İlgisizlik ve genel enerji eksikliği, başkalarında ve kendinizde şaşırtıcı şekilde tespit etmesi zor ama önemsenmesi gereken depresyonun klasik semptomlarıdır.
Nörogelişimsel bozukluklar örneğin OKB ve DEHB dünyayla nasıl etkileşime girdiğinizi, zamanı nasıl algıladığınızı ve gün içerisindeki enerjinizi nasıl yöneteceğinizi etkiler, çoğu zaman aşırı yorgunluğa neden olur.

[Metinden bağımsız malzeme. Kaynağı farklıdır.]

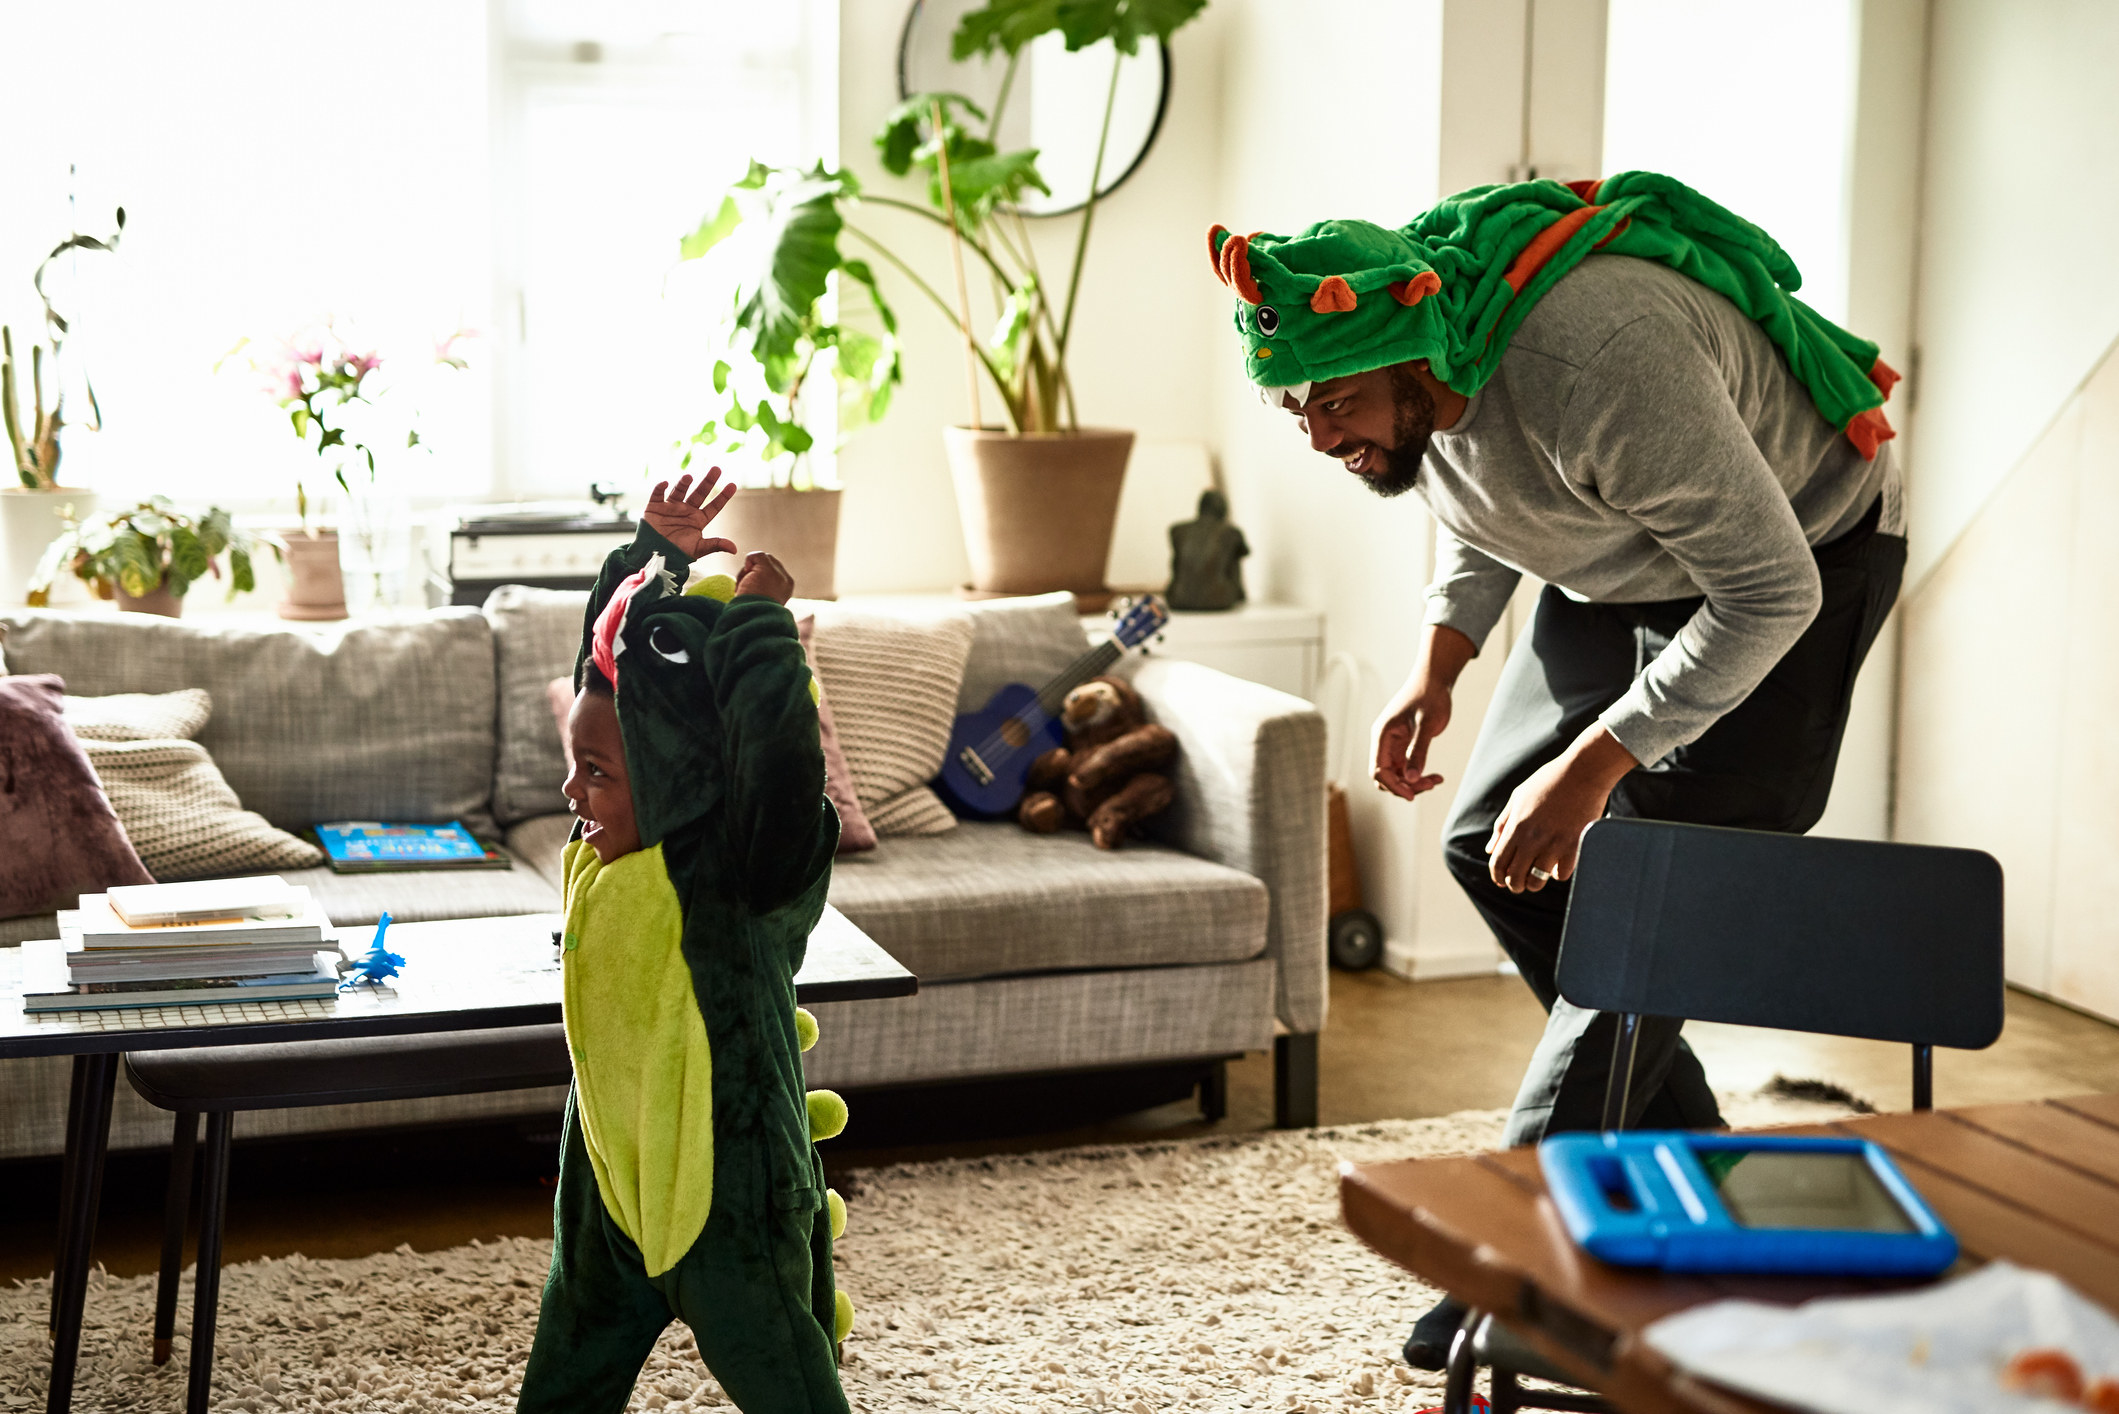 A parent in a dinosaur costume chases a child in a dinosaur onesie

Kronik stres vücudunuz için oldukça zararlıdır ve irritabl bağırsak sendromundan (IBS) uykusuzluğa kadar çeşitli sağlık sorunlarının ana tetikleyicilerinden biridir.
Kafeinli ürünler uykunuzu olumsuz etkileyebilir. Akşam ve öğleden sonra kahve ve kafeinli içeceklerden uzak durun, uyku sorunları ve yorgunluk yaşıyorsanız kafeini tamamen bırakmayı hedefleyin.

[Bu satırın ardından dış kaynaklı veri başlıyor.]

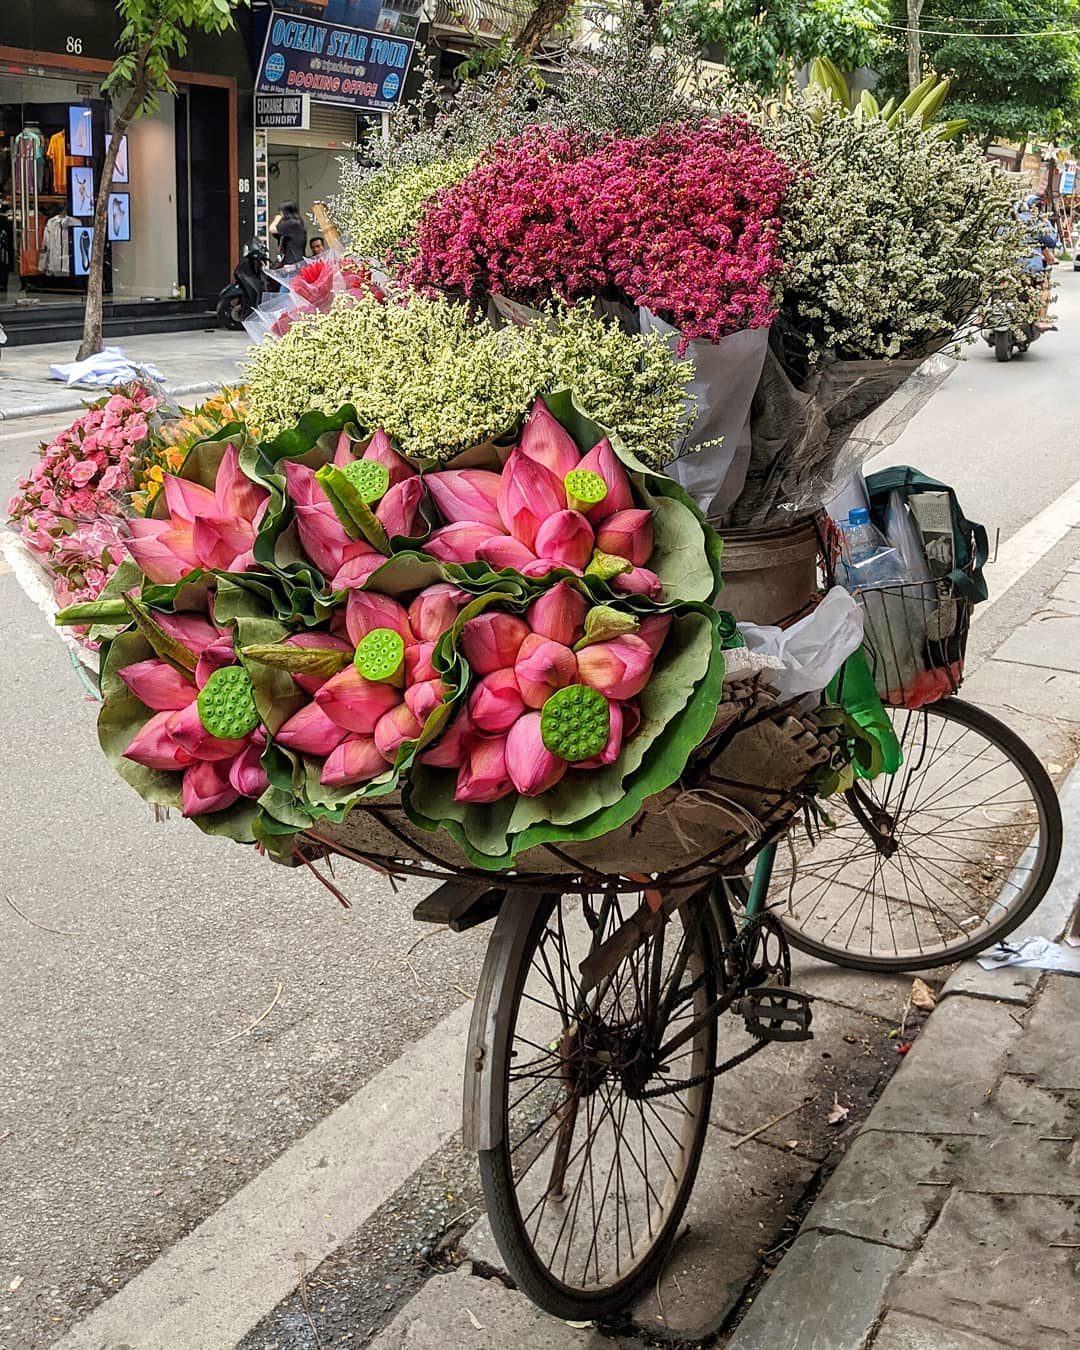 A photo show a street vendor selling flowers on a bicycle capture in Hanoi by Katie Lockhart

Aynı şekilde, alkol ve diğer keyif verici maddeler de uyku düzeninizi bozabilir ve sizi yorgun hissettirebilir.
Her türlü tıbbi durum sizi yorgun hissettirebilir, hastalıktan ya da ameliyattan iyileşme süreçleri de buna dahil. Kanser, diyabet, böbrek ve tiroid hastalıkları yorgunluğun en yaygın nedenleri arasındadır, ancak herhangi bir sağlık sorunu zamanla vücudunuzu yıpratabilir.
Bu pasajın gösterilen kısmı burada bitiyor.